Still, at least from the 1980's on when I started sampling English beers on their home turf and beyond, I've felt the real beers at any rate are quintessentially English. Something keeps them such, whether intentionally or not I cannot say.

Gary

Ron Pattinson said...

Gary, it's not American malt, but American barley. It was malted in Britain.

jonbrazie said...

I'd just like to know one thing: What does "old" mean? One of the tables lists "English 2-row pale, OLD". Is that just old stuff they had to get rid of? Or was it a really bad name for a company?

Anonymous said...

Based on reading various sources over the years from Combrune to Christine Clark's fine recent study of the history of the British malting industry (fuller details in relation to that book are stated in my answer to Ron's recent question about SA Malt), I think "old" stock means malt made longer ago than new malt. No doubt the industries had a rule of thumb for what was old and new but I don't know what it is.
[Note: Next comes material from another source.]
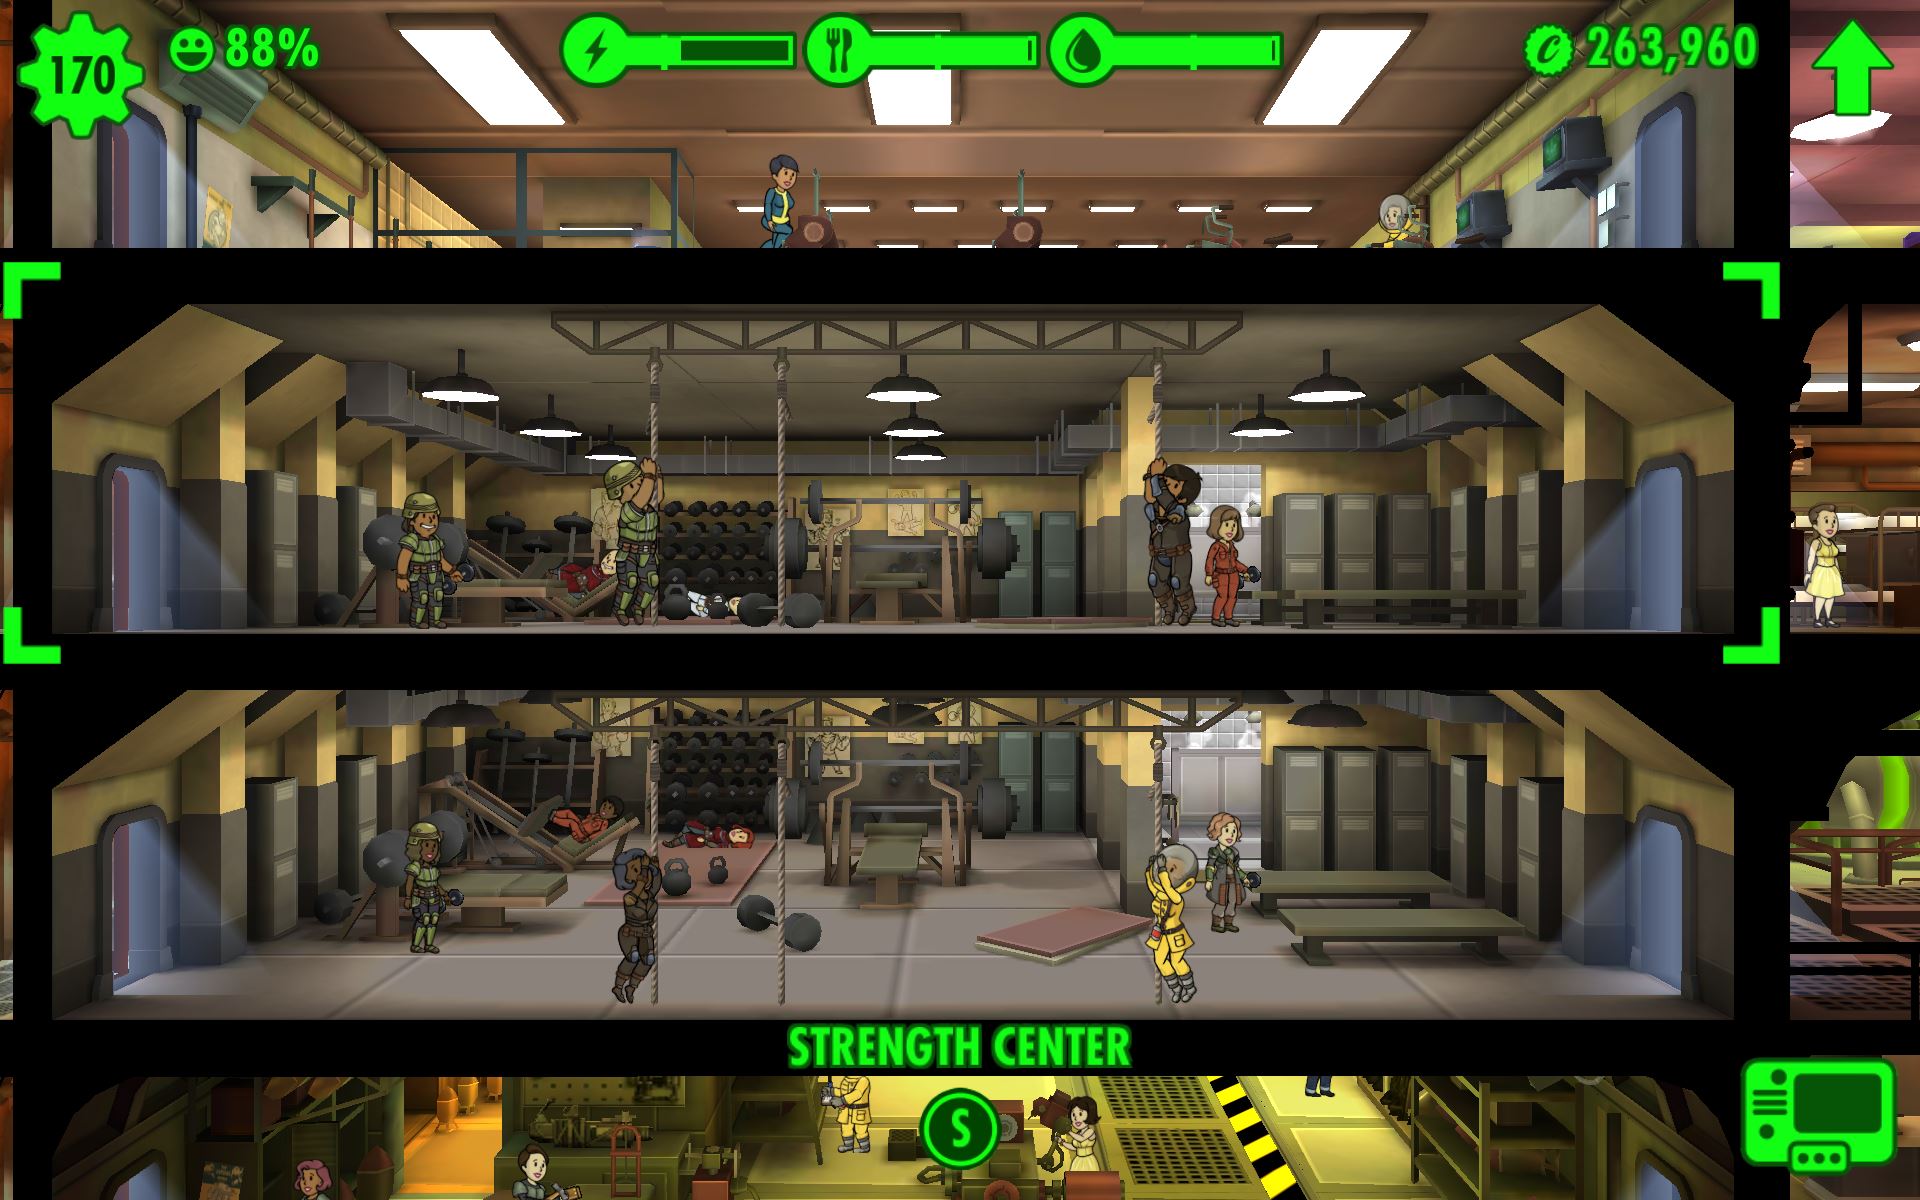 fallout shelter weight room

Thanks, Ron, for your correction about barley being imported from e.g., California to make malt in England, not barley malt made from that barley. I wonder if English malting and kilning methods did (and do) contribute to the overall English character real ales had (and have) in the U.K., certainly as I observed it in the 1980's-2005period. Probably they did but I'd think the English barleys used and of course the hops lent the defining character to the beers - and the yeasts. (Those hops were not I know always English-grown but to me they seemed usually to be).

There is just something so English about real beer in England. I have had countless real ales in North America, some very good, but few really approached the English beers in character.

Gary

Ron Pattinson said...

rabbi, there are a couple of things you see after a malt:

old
new
NOB
NXOB

I think I can work out the first two. Any guesses for the others?

Gary, I'm sure the English way of making malt has an influence. And, in the old days at least, a majority of the malt used was made from English 2-row barley.

I've had some British-style beers made in Denmark that definitely had a "British taste" to them. There's something very distinctive about British malt and I'm pretty sure that's what the Danish brewers had used.